**The problem**: The reply must consist of the complete listing, reproduced exactly, with no images included.

**Raw data**:

§ §

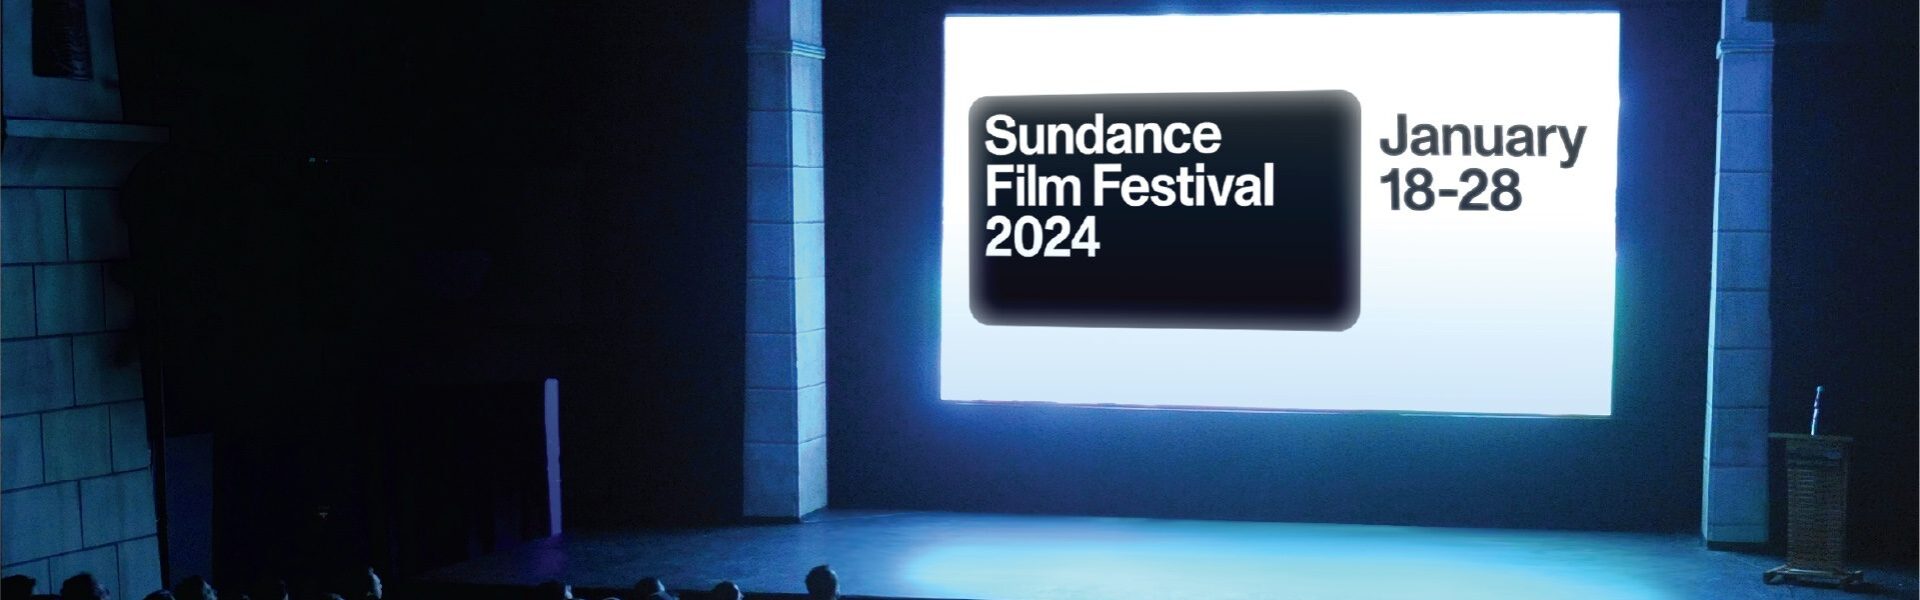 visit films announces sundance film festival slate moviescope
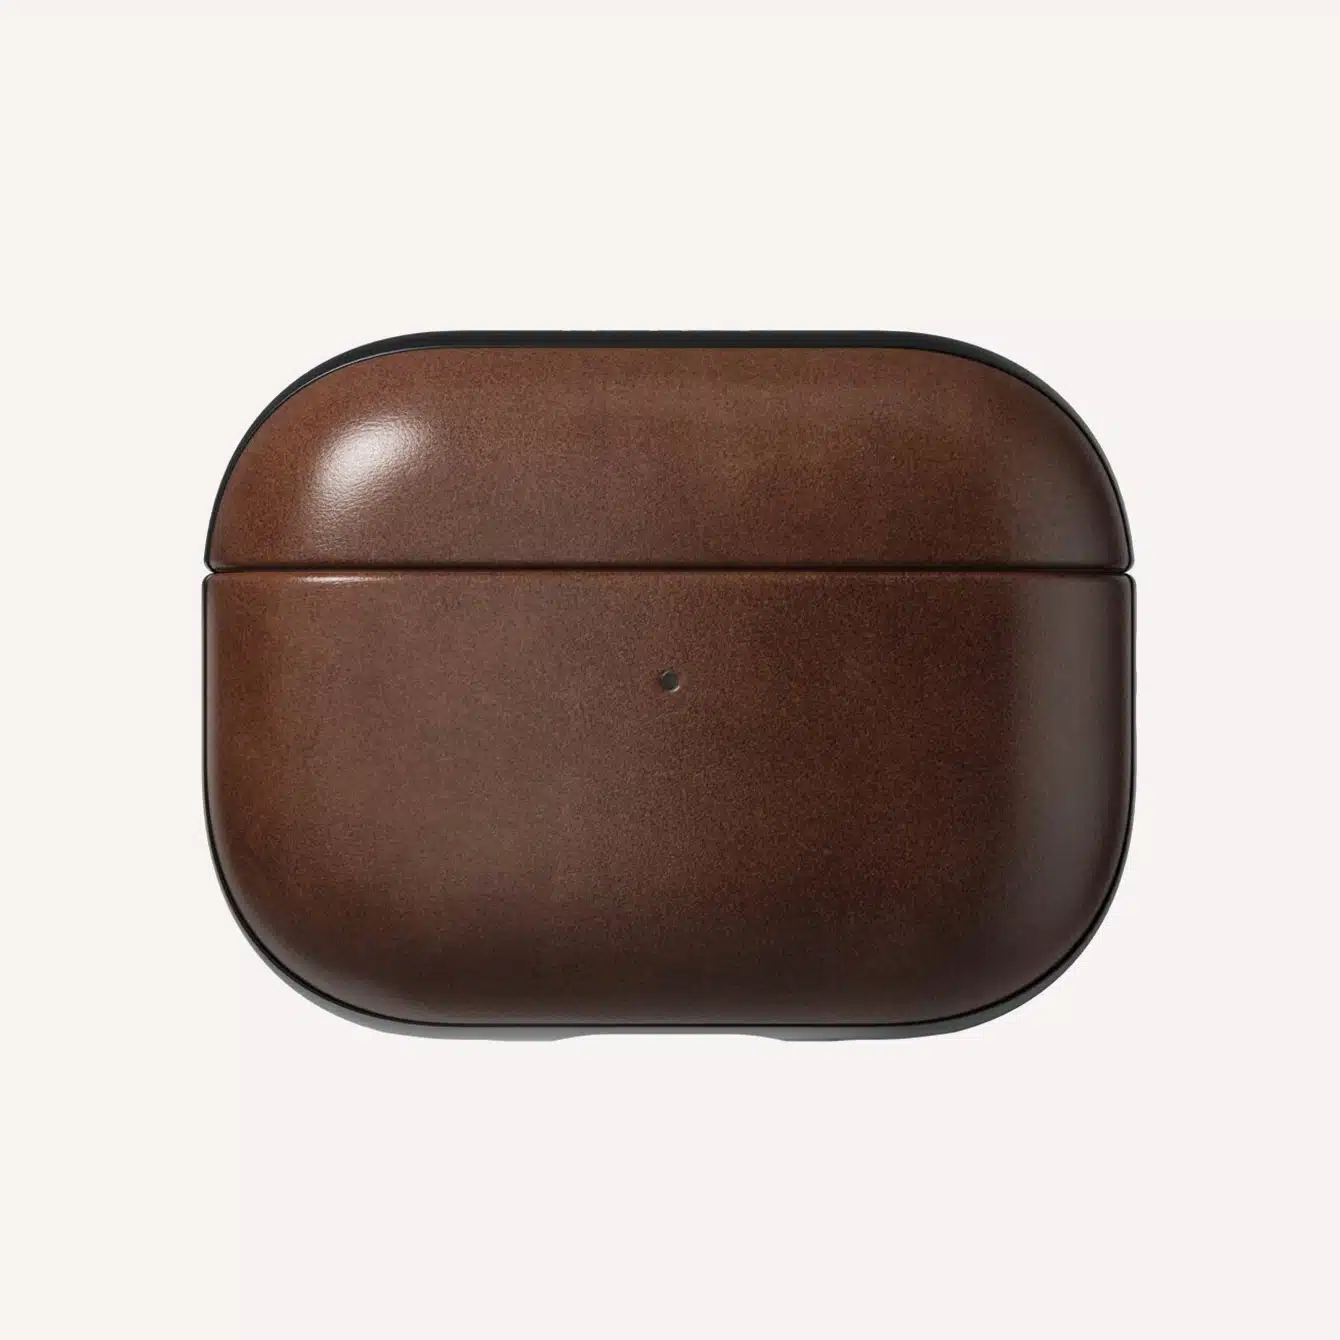 Nomad Modern Leather Case
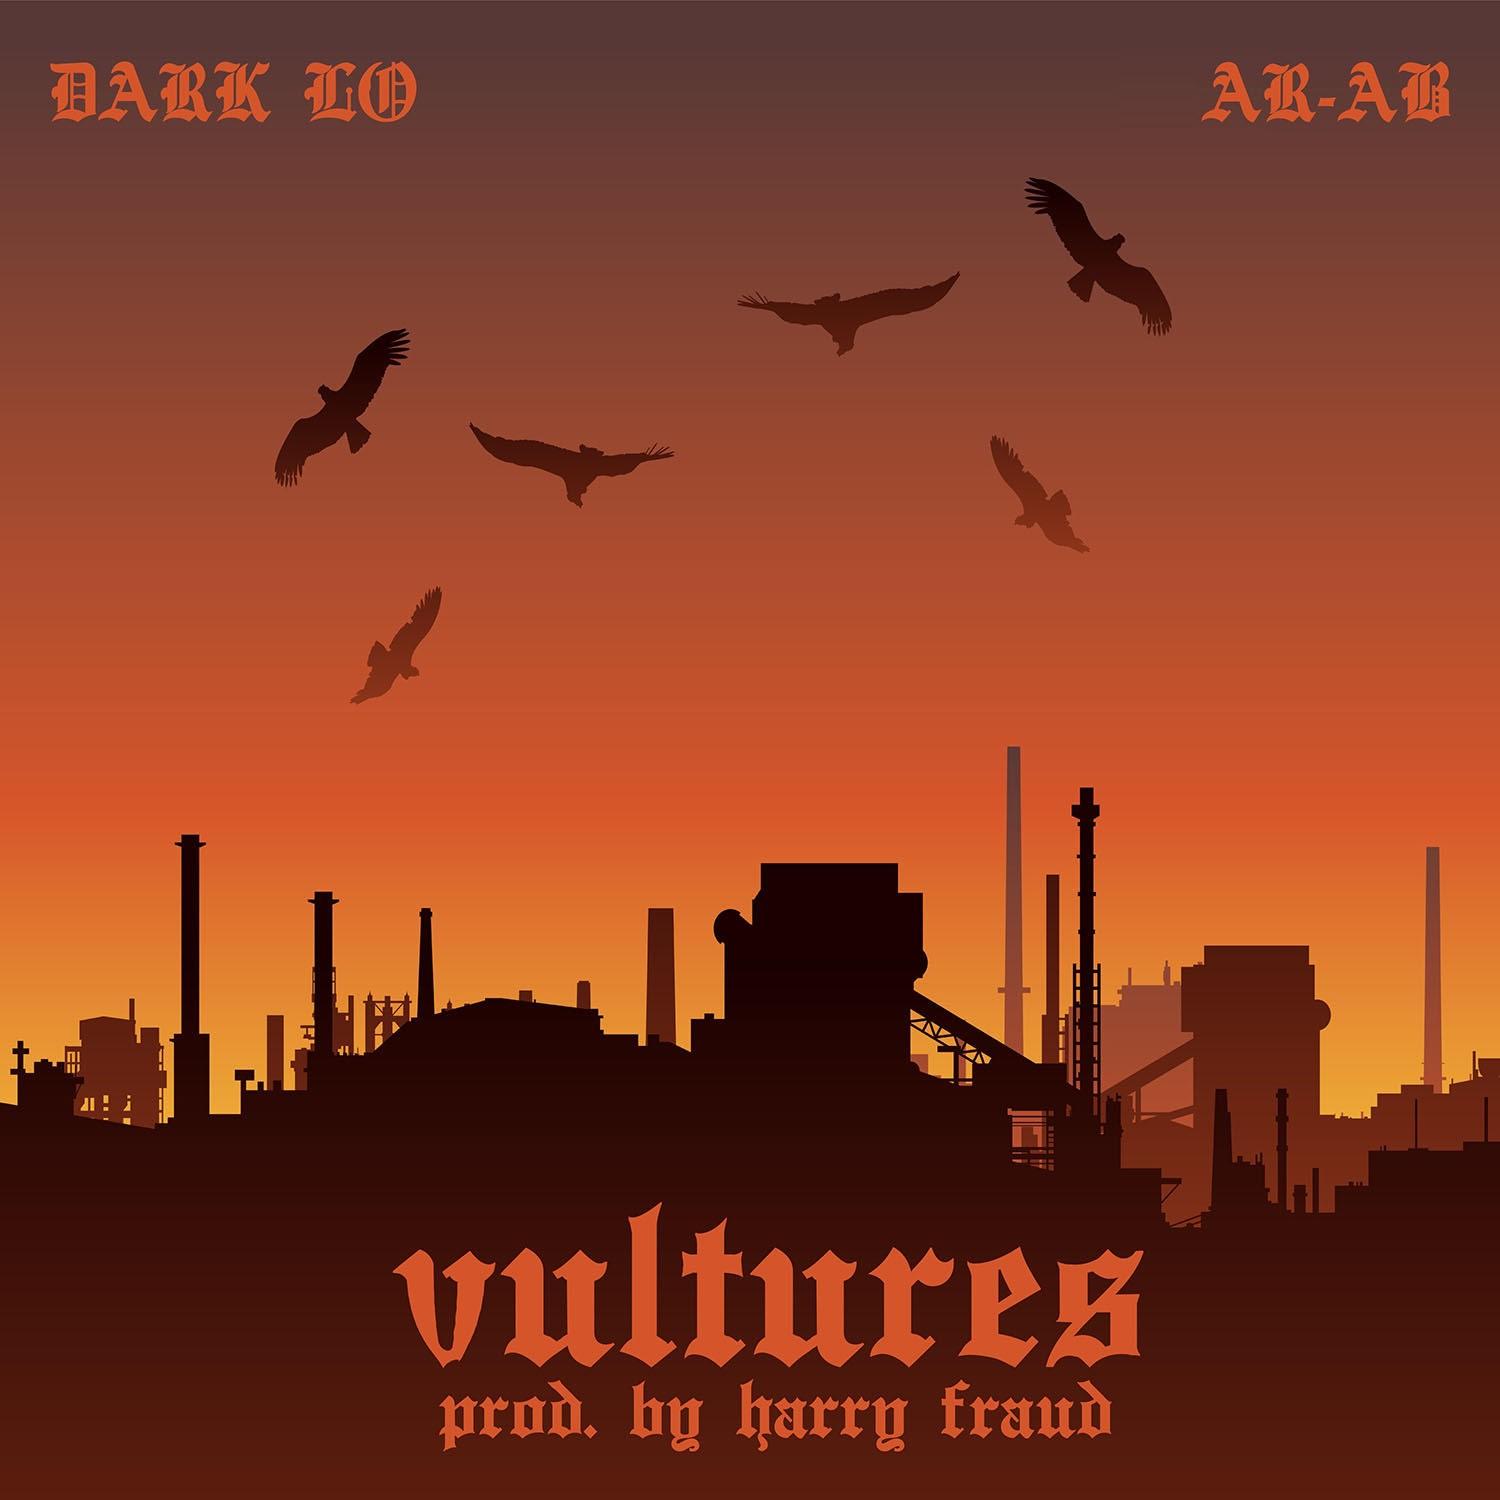 MP3: Dark Lo & Harry Fraud feat. AR-Ab - Vultures

§ §

**Solution to this task**:
 visit films announces sundance film festival slate moviescope
 Nomad Modern Leather Case
 MP3: Dark Lo & Harry Fraud feat. AR-Ab - Vultures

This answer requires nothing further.